6. Implications for Institutional Investors

For treasury and asset managers, tokenized DCP on XRPL offers:

  • Programmability: Smart-contract-driven features such as automated rollover, coupon swaps, and institutional redemption options.
  • Enhanced Liquidity: On-chain secondary markets enable near-instant peer-to-peer trading and fractional ownership.
  • Operational Efficiency: Streamlined issuance and settlement workflows reduce middle-office reconciliation and custodial costs.
  • Regulatory Compliance: Integration with KYC/AML middleware ensures that only qualified institutional buyers can transact, aligning with global custodial standards.

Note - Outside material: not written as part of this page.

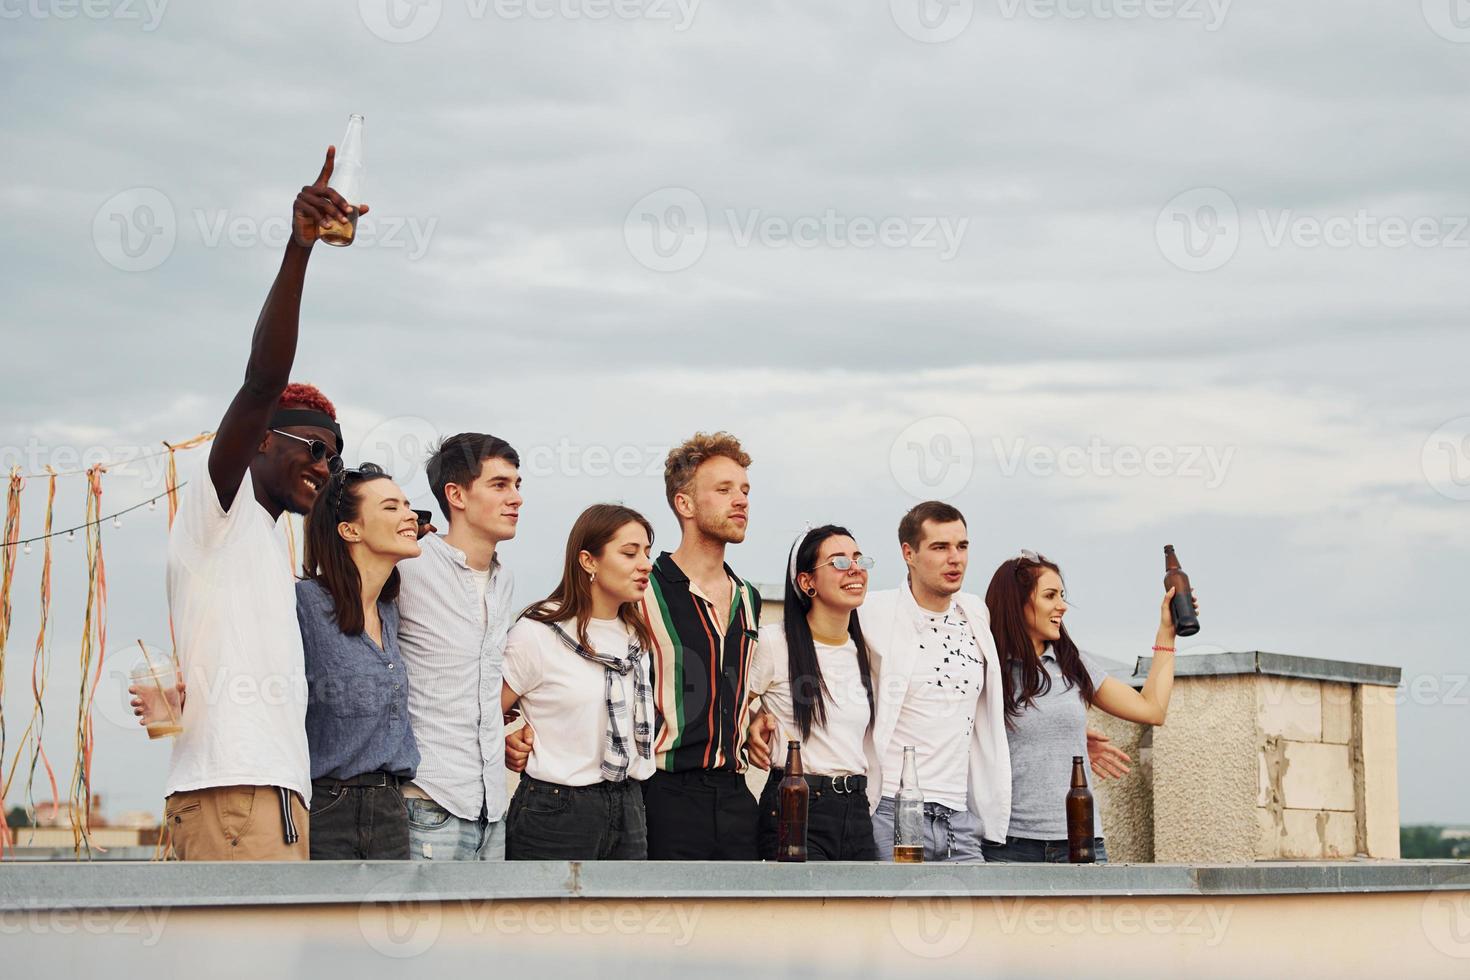 Decorated place. Cloudy weather. Group of young people in casual clothes have a party at rooftop together at daytime photo

These attributes can materially lower funding costs, improve balance-sheet management, and open new yield curves for corporate treasuries and institutional investors.

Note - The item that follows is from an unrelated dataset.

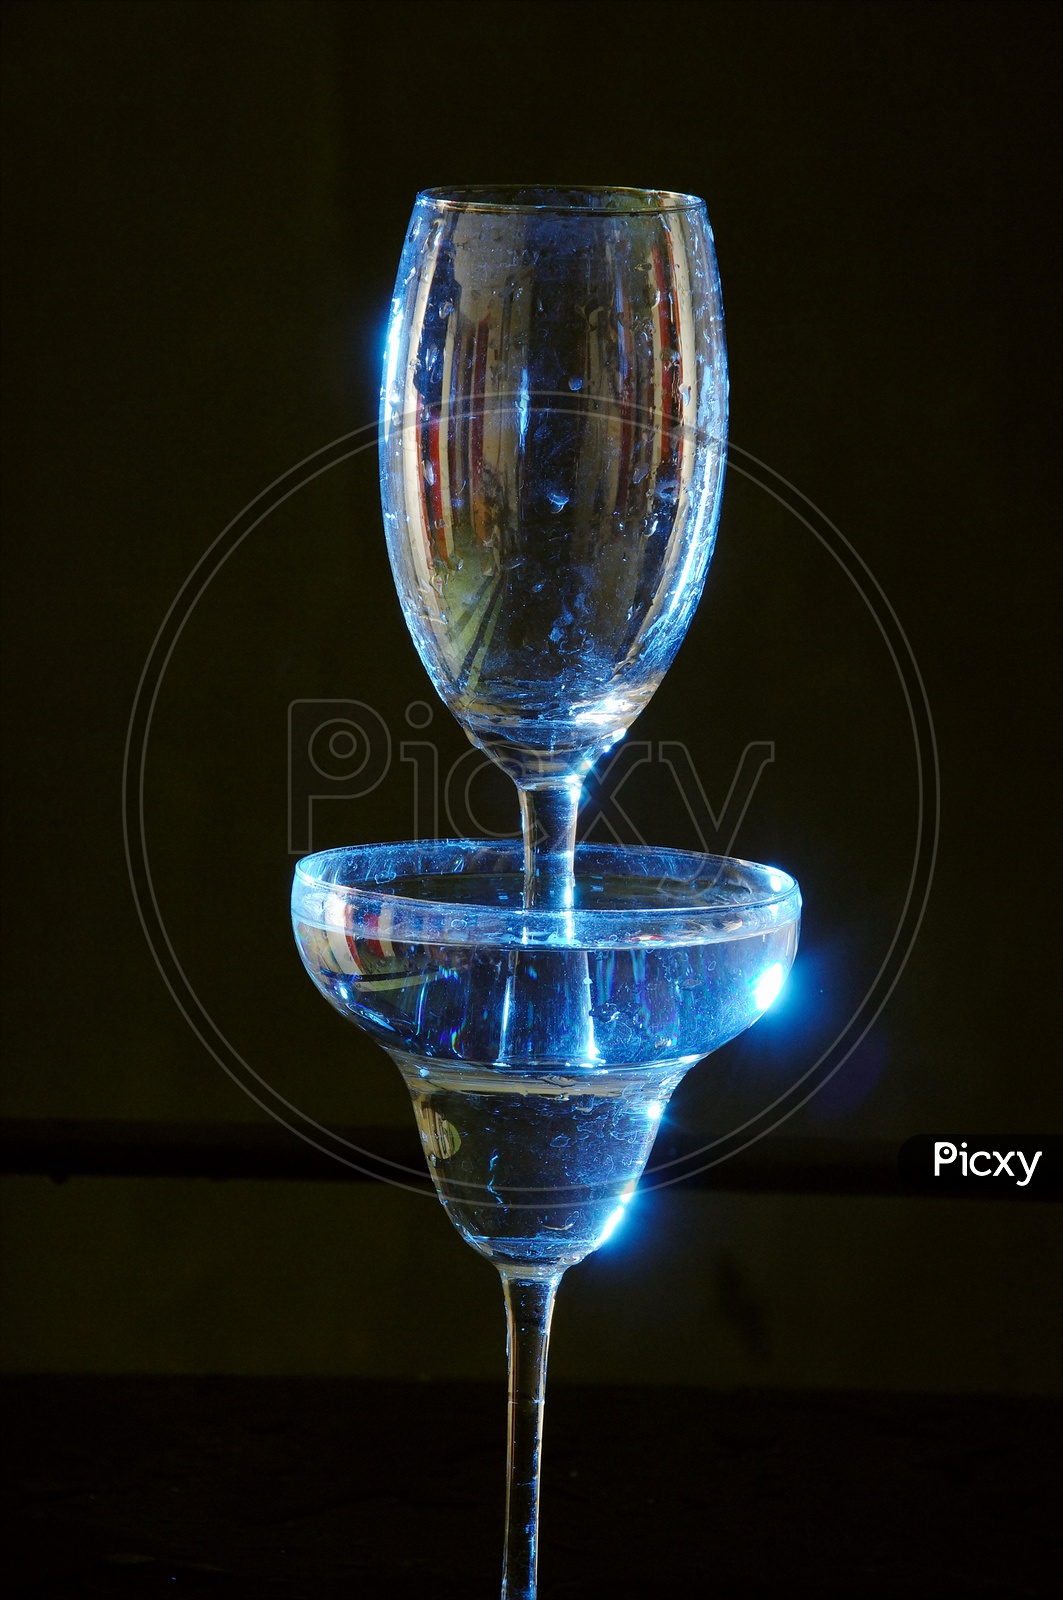 Water being poured in the wine glass

7. Future Outlook and Conclusion

As regulatory clarity deepens—particularly around tokenized securities in jurisdictions like Singapore, Hong Kong, and parts of Europe—the RWA sector is poised to expand toward $50 billion–$100 billion in on-chain value within the next 12–18 months. Innovations such as cross-chain RWA liquidity pools, on-chain credit default insurance, and DeFi-style leverage protocols could further accelerate adoption. Guggenheim’s XRPL launch marks a pivotal moment, signaling that major Wall Street players view blockchain not as a speculative frontier but as a core infrastructure for programmable finance. Institutions seeking new yield sources and operational efficiencies should closely monitor developments in DCP, RLUSD integration, and collaborative tokenization platforms like Zeconomy as they redefine the landscape of fixed-income and real-world asset markets.